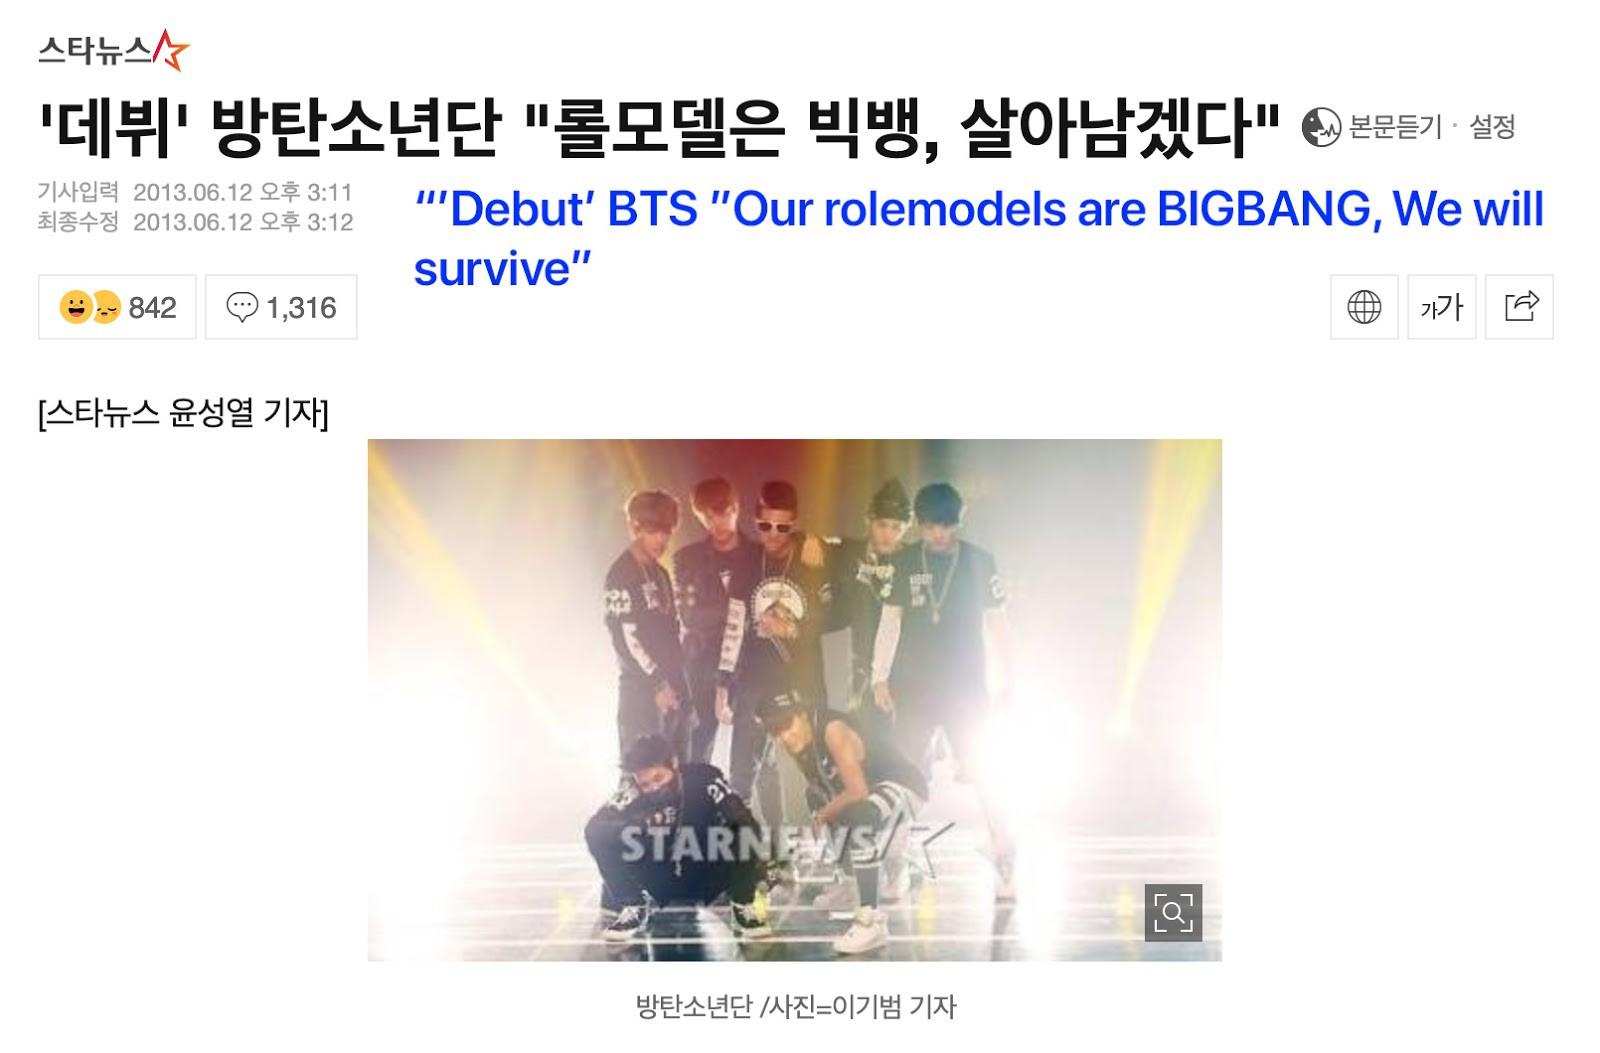 Rùng mình câu nói 6 năm trước của BTS sau chuỗi thành tích kỷ lục thế giới: Lời tiên đoán là có thật! - Ảnh 1.
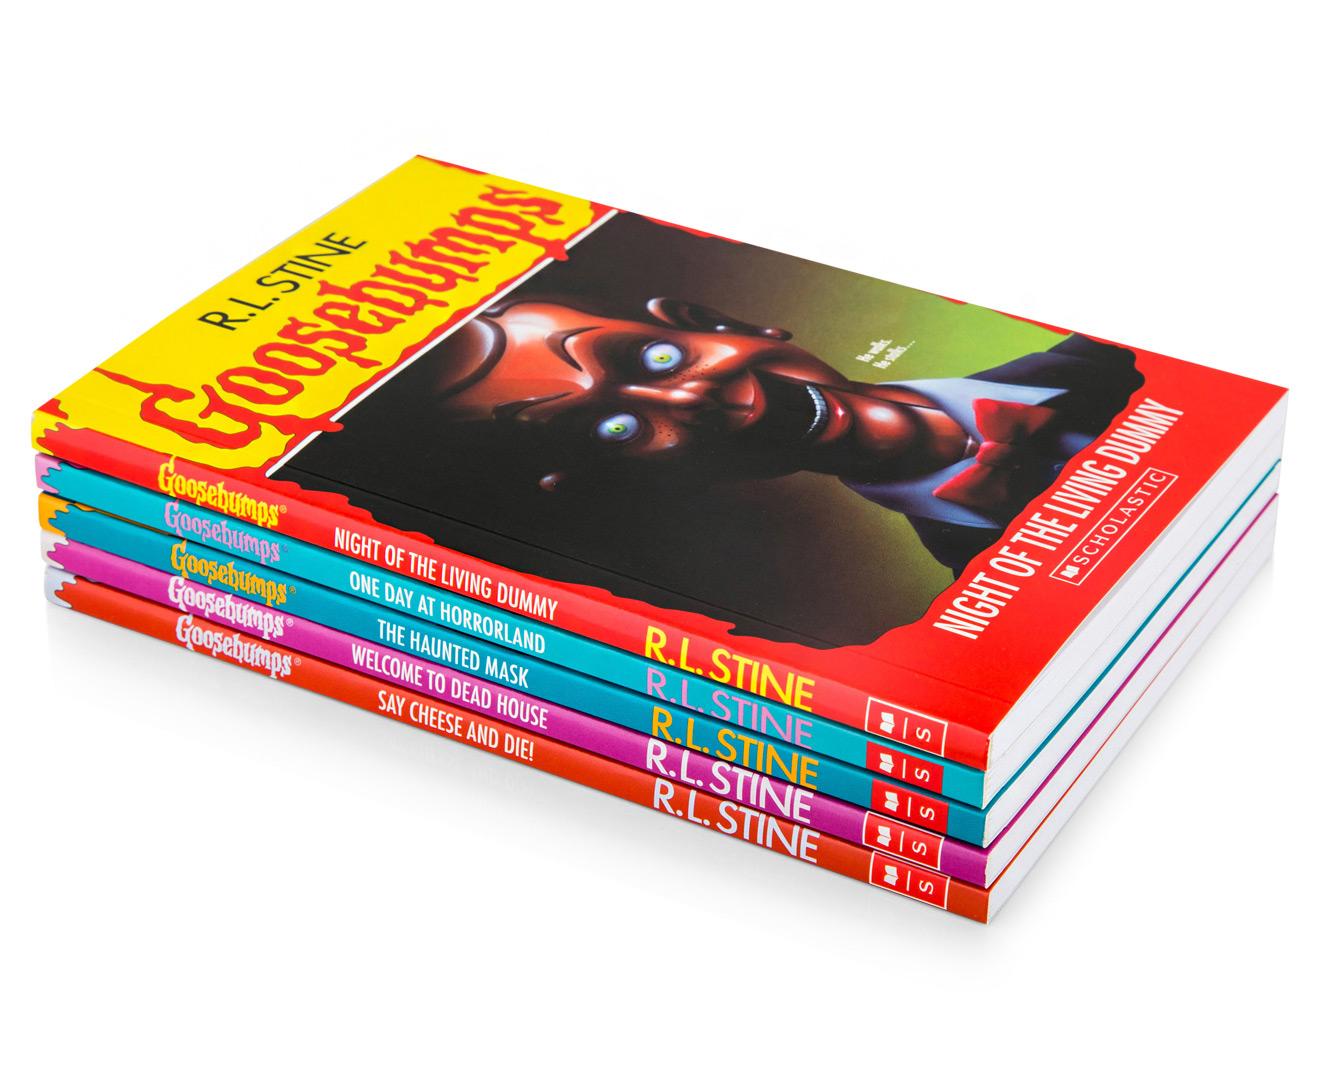 Goosebumps Retro Scream Collection Tin 5 Book Set Catch
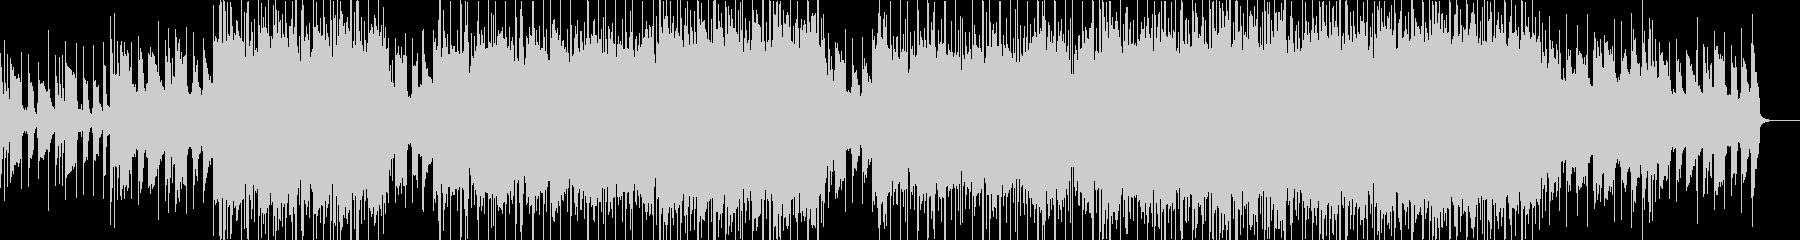 チル系、スムーズR&Bをイメージした曲の未再生の波形
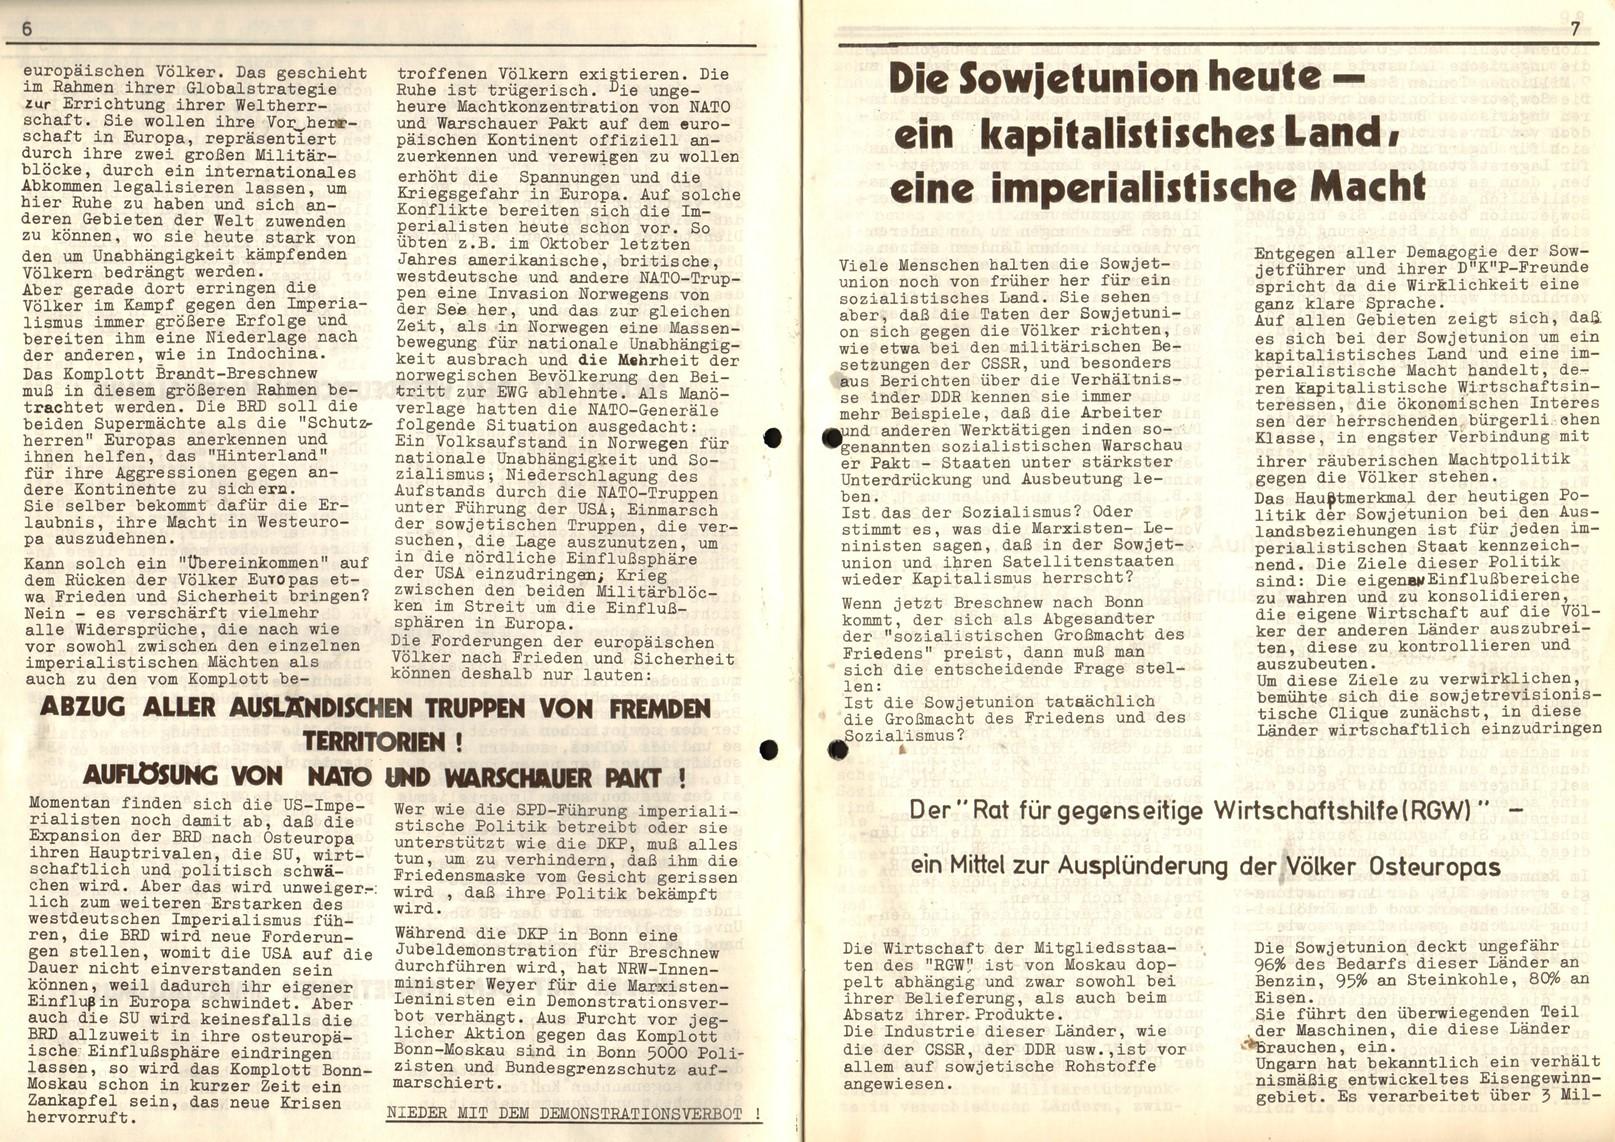 ML_Aachen_Bochum_Duisburg_1973_Breschnew_in_Bonn_04
- - - - -
> Problem to solve: The expected output is the full material above, unaltered, with pictures removed.

> Exercise result:
 Rùng mình câu nói 6 năm trước của BTS sau chuỗi thành tích kỷ lục thế giới: Lời tiên đoán là có thật! - Ảnh 1.
 Goosebumps Retro Scream Collection Tin 5 Book Set Catch
 チル系、スムーズR&Bをイメージした曲の未再生の波形
 ML_Aachen_Bochum_Duisburg_1973_Breschnew_in_Bonn_04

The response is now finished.